Targeting VEGF/VEGFR to decrease the number and function of immunosuppressive cells: Overexpression of VEGF in the TME is associated with intratumoral Tregs, which is associated with a poor prognosis [59]. According to Suzuki et al., FOXP3hi Tregs mostly express VEGFR2, whereas FOXP3lo Tregs do not [87]. Neuropilin, an immunosuppressive surface protein expressed by Tregs that act as VEGF co-receptors, enhances VEGF binding affinity for VEGFRs [88]. The combination of these two signaling pathways may increase Treg activation and result in a tolerogenic TME [78]. In several neoplasias, rationally targeting VEGFA/VEGFR can modify anti-tumor immunity by inhibiting the activity of inhibitory Tregs. Sunitinib has also been shown in tumor-bearing mice and patients with metastatic renal carcinoma to lower the number and efficacy of Tregs [89]. It has also been demonstrated that the number of Tregs reduced in patients receiving bevacizumab for metastatic colorectal cancer. Similar to the findings of Suzuki et al. [58], these experiments suggest that VEGF could enhance Treg proliferation, and that this proliferation could be prevented by VEGF/VEGFR2 inhibition. Furthermore, the anti-VEGFR2 antibody DC101 and a VEGFR1/R2 chimeric receptor could diminish the amount of Tregs in cancers [90]. In murine tumor models, VEGF-signaling inhibition can improve the efficacy of GMCSF-secreting tumor cell immunotherapies [91]. The improved anticancer activity is linked to an increase in activated CD4+ and CD8+ tumor-infiltrating effector T cells and a significant decrease in suppressive CD4+CD25hi and CD4+FOXP3+ Tregs cells in the cancer. Overexpression of VEGF, on the other hand, increases the amount of Tregs within the TME. All of these findings supported the concept that inhibiting VEGF-signaling in conjunction with immunotherapy increases the ratio of effector T cells to Tregs in the TME, highlighting a viable approach for improving anti-tumor immunity.

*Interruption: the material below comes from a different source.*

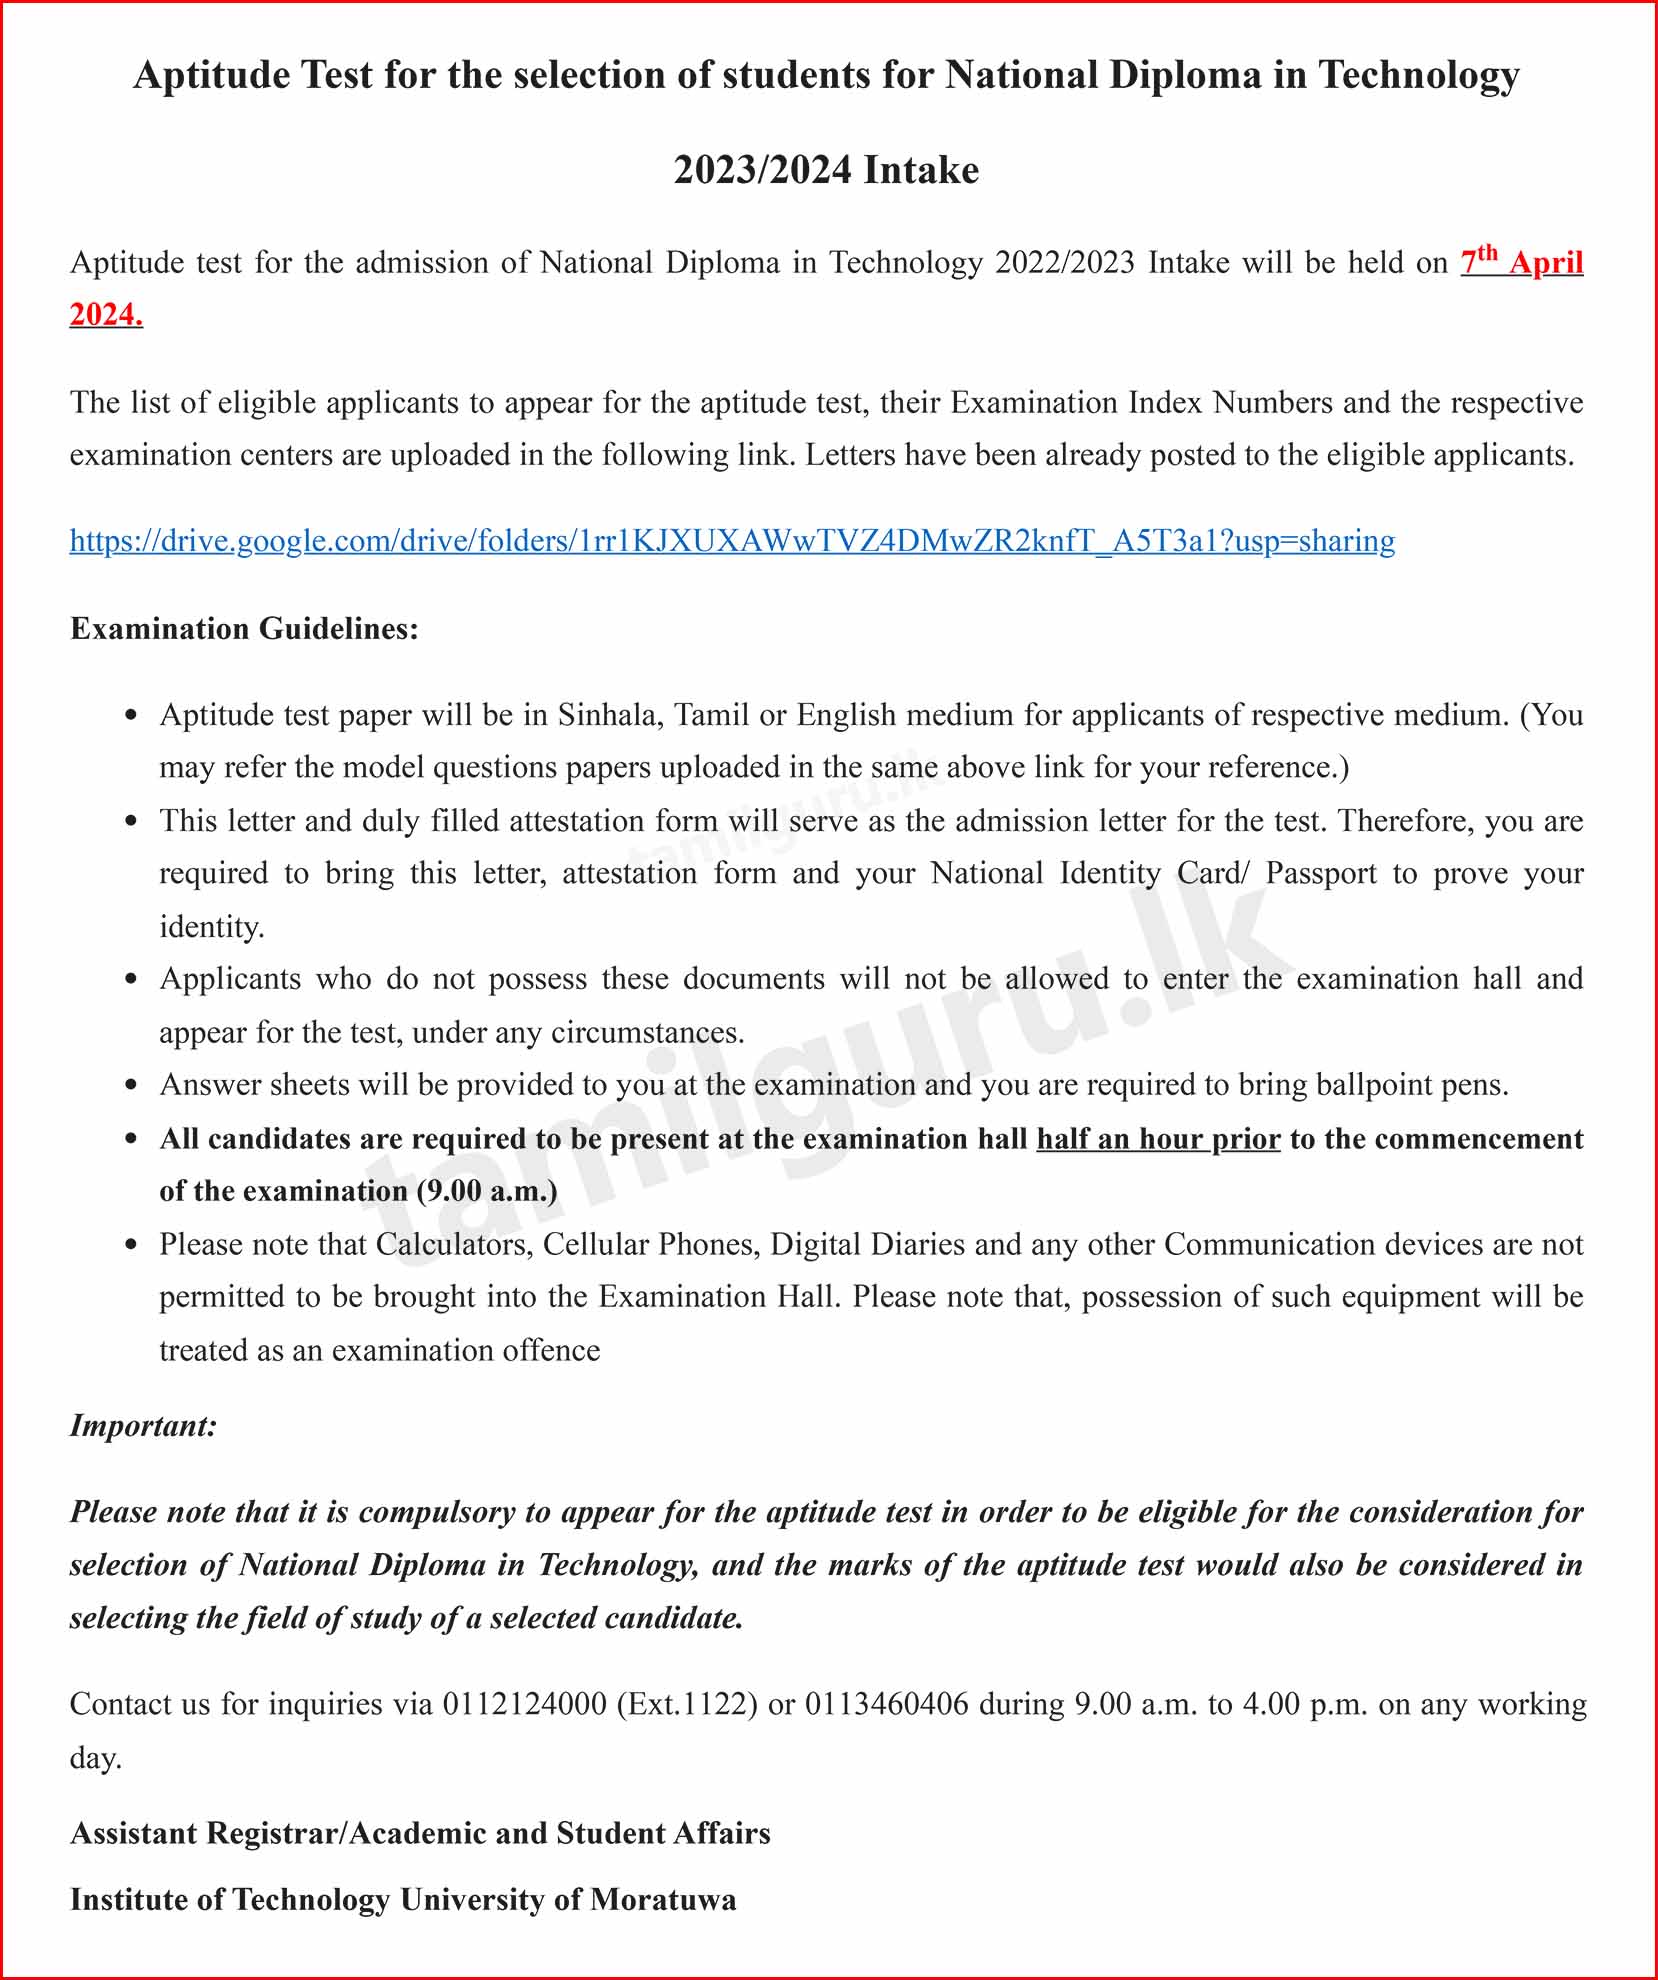 Aptitude Test Notice - Admission of  Students to National Diploma in Technology (NDT) 2023/2024 Intake at Institute of Technology University of Moratuwa (ITUM)

Natural inhibitors of angiogenesis
Toxic effects of commonly used tyrosine kinase inhibitors used to counteract angiogenesis include fatigue, asthenia, diarrhea, stomatitis, skin toxicities, and numerous cardiovascular diseases [15,92]. Our goal should always be to create a non-toxic therapeutic method that has a high affinity for VEGFR2 and a good bioavailability. A phytochemical was one of the first natural anti-angiogenic agents discovered. Ingber et al. [93] reported a study on the anti-angiogenic activities of fumagillin, a secreted antibiotic from the fungus Aspergillus fumigatus, in 1990. The refined Fumagillin was very poisonous, and analogues of these have subsequently been created. However, this research sparked an interest in discovering new natural health products that can affect tumor angiogenesis [94,95]. The following are some of the natural anti-angiogenic compounds derived from various herbs (Figure 4):
- Andrographis paniculata: One such resource comes from the herb Andrographis paniculata, the origin being the Indian subcontinent. It is the source of a well-known andrographolide, that specifically binds to the ATP-binding pocket of VEGFR2 and inhibits its kinase activity [96].
- Artemisia annua: The Chinese Wormwood gives the active compound named, Artemisinin [97]. It efficiently lowers the expression of VEGF from tumor cells as well as it inhibits the activation of the nuclear factor kappa-B (NF-kB), an important activator protein in cancer development and progression.
- Viscum album: Viscum album is also known as European Mistletoe. Various studies have shown that it has anti-cancer and anti-angiogenic properties as it can downregulate the expression of VEGF as well as induce cancer cell death [98].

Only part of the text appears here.